EXERCISE AIM >>
Transcribe word for word the section of the records below that opens with the line containing "Farmer on a" and closes with the line containing "Terraced vineyards, Lavaux, Switzerland"; drop every picture.

(RECORDS SUPPLIED)

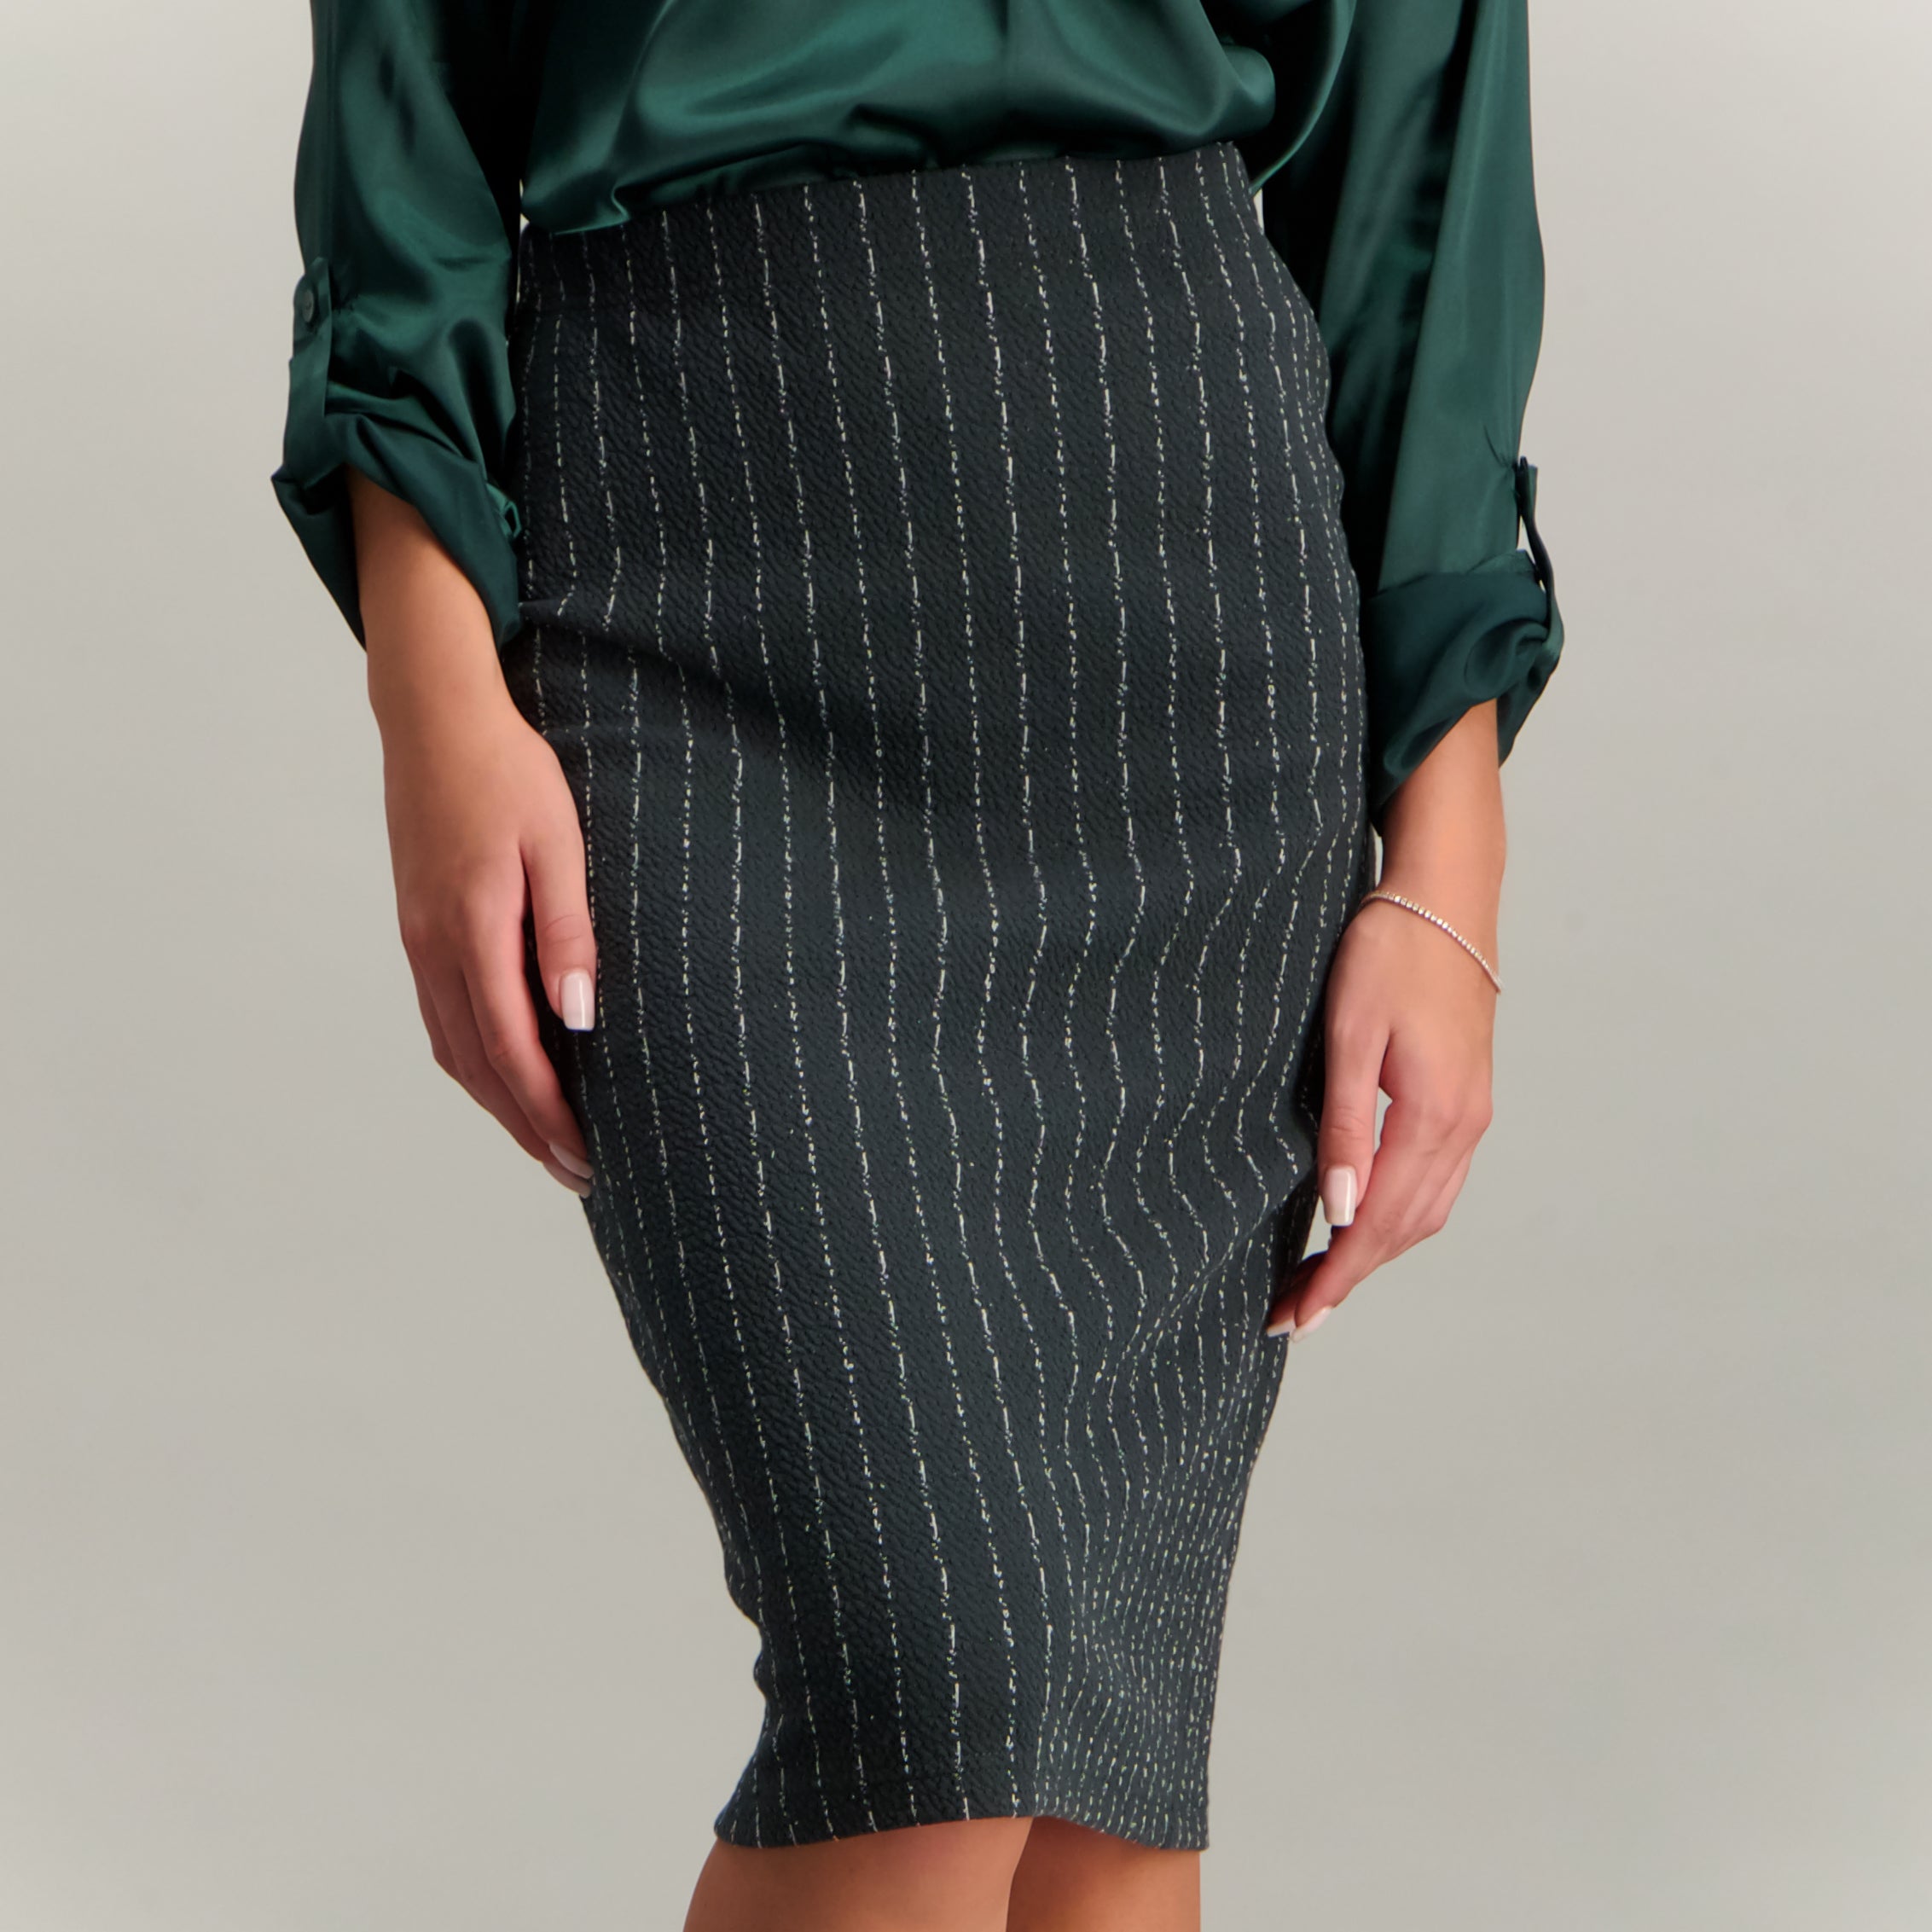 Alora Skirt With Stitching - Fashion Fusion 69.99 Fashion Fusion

(End RECORDS SUPPLIED)
(RECORDS SUPPLIED)

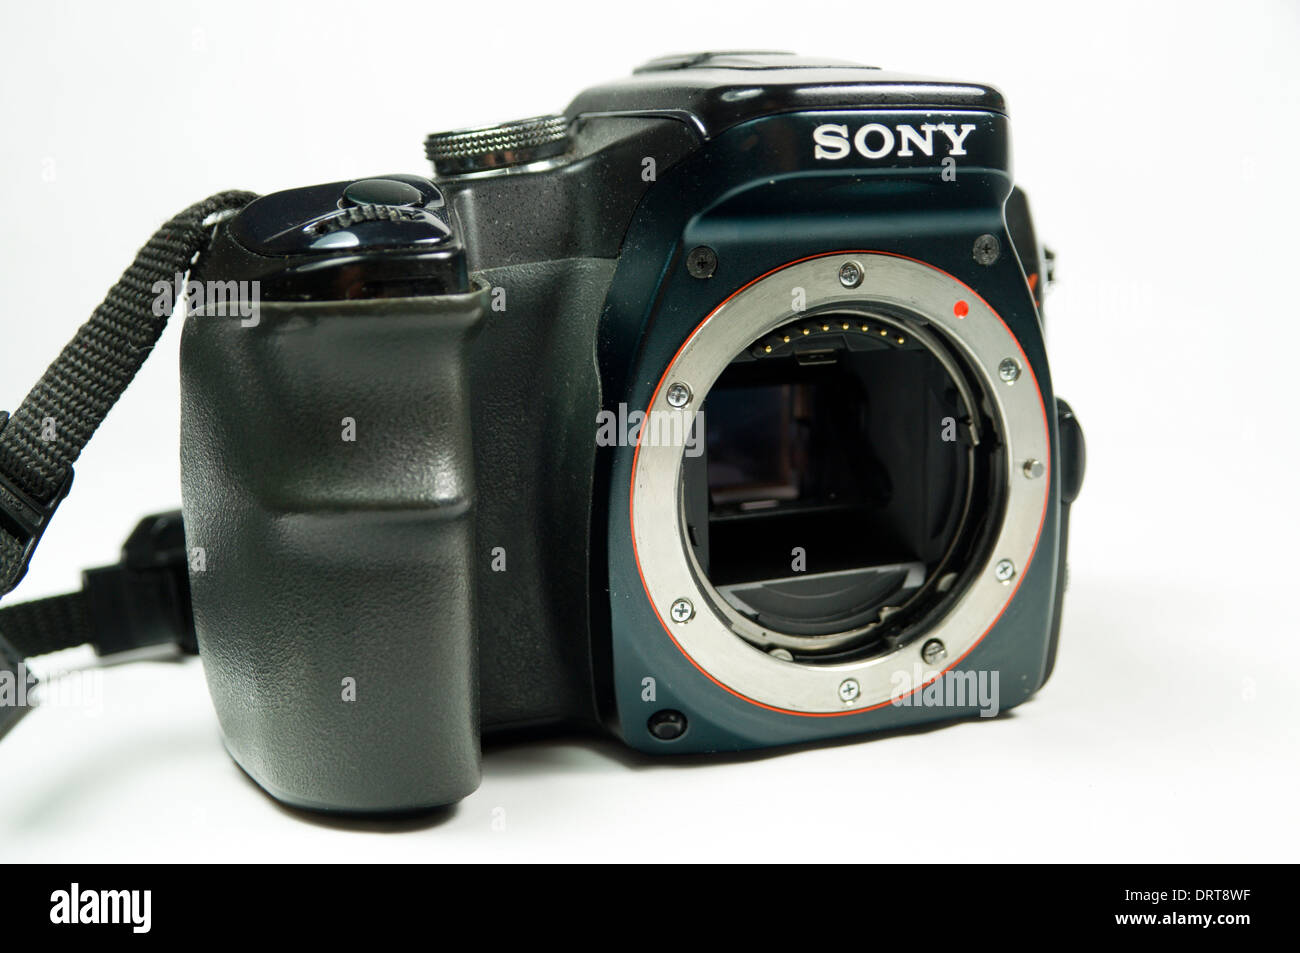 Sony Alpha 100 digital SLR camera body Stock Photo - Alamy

(End RECORDS SUPPLIED)
(RECORDS SUPPLIED)

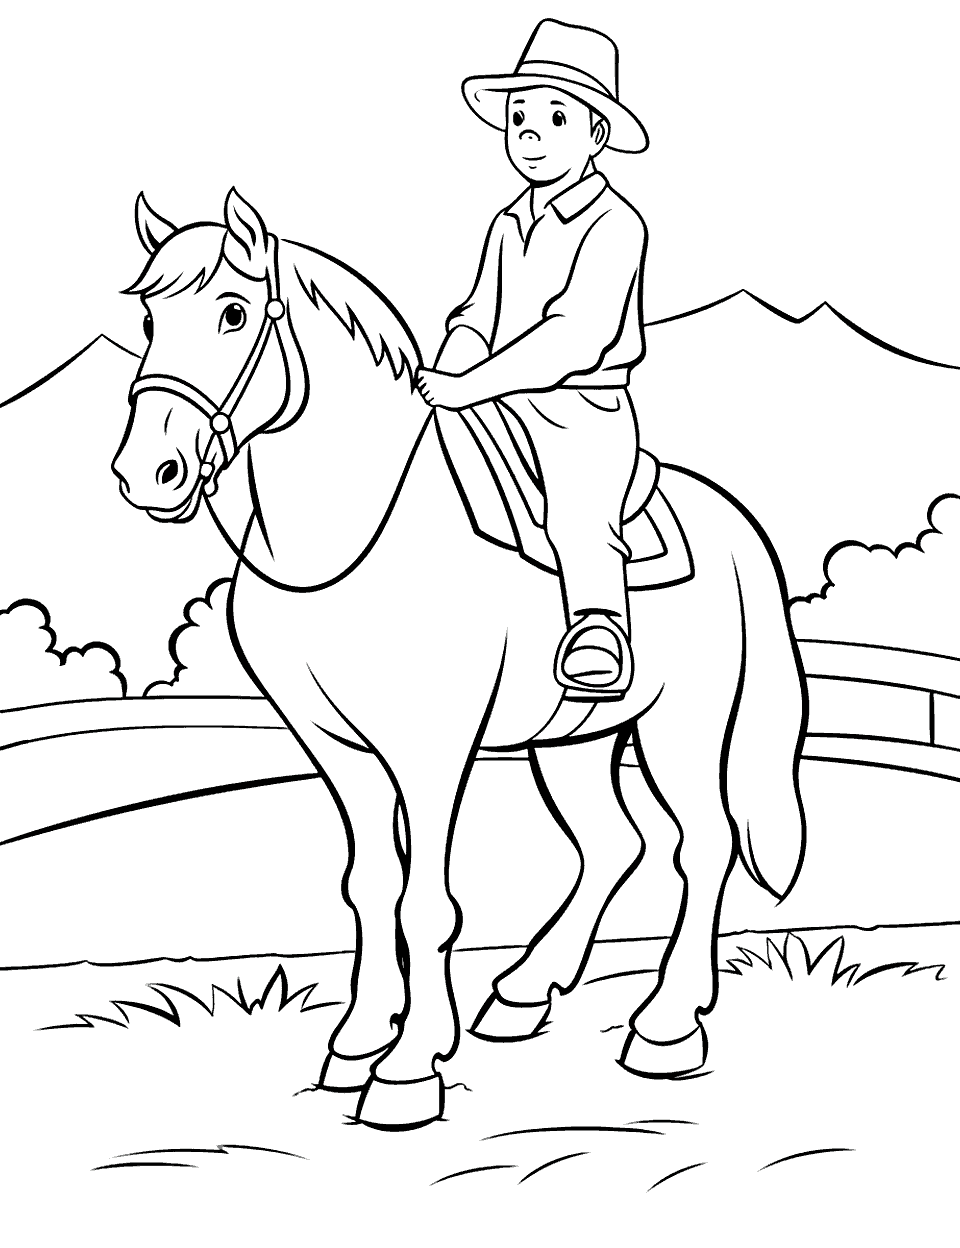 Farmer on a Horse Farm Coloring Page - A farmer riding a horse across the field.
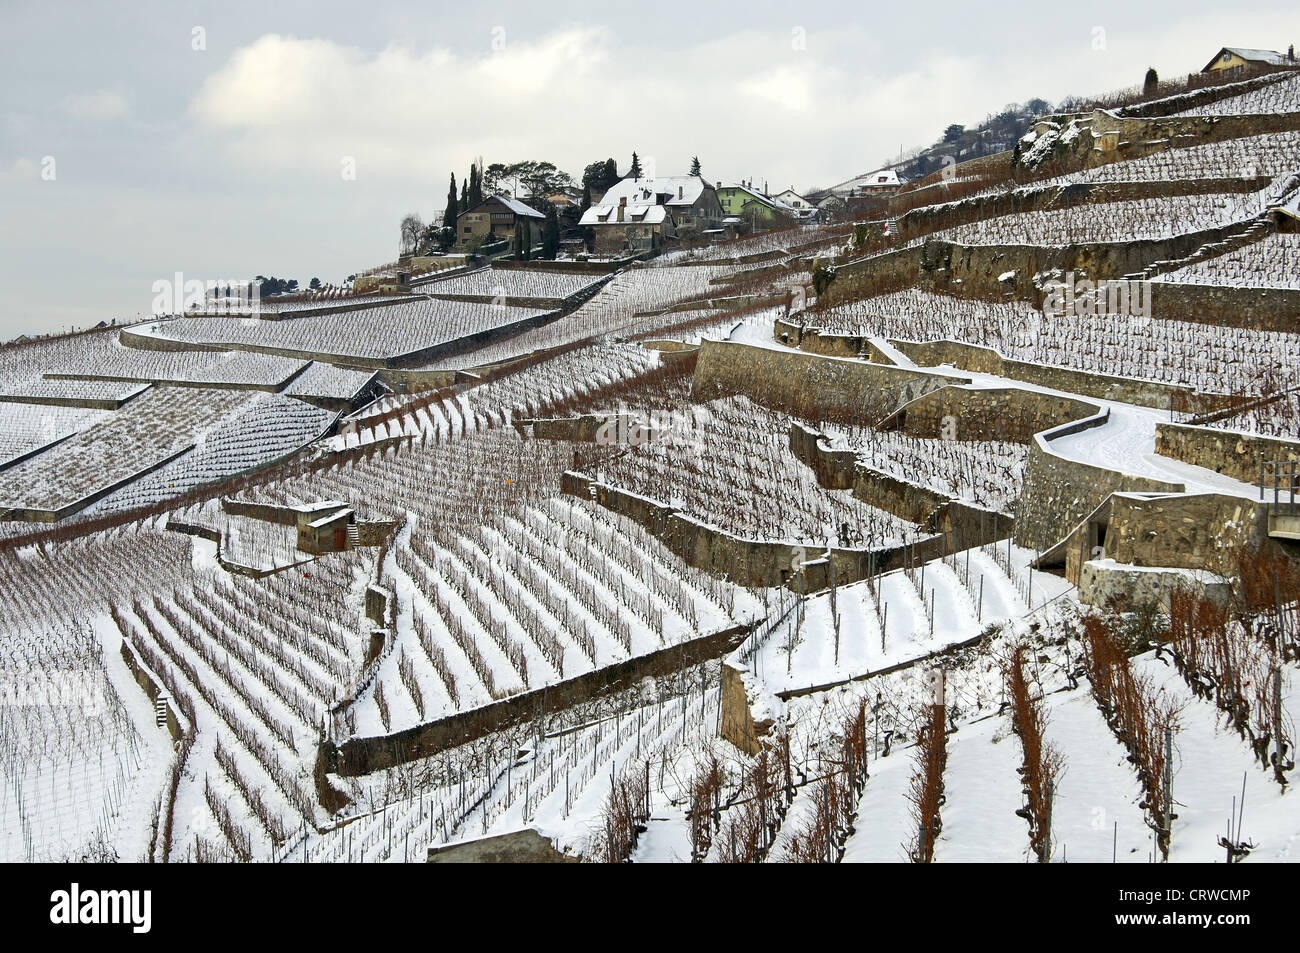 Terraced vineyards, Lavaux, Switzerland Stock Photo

(End RECORDS SUPPLIED)

RESPONSE >>
 Farmer on a Horse Farm Coloring Page - A farmer riding a horse across the field.
 Terraced vineyards, Lavaux, Switzerland Stock Photo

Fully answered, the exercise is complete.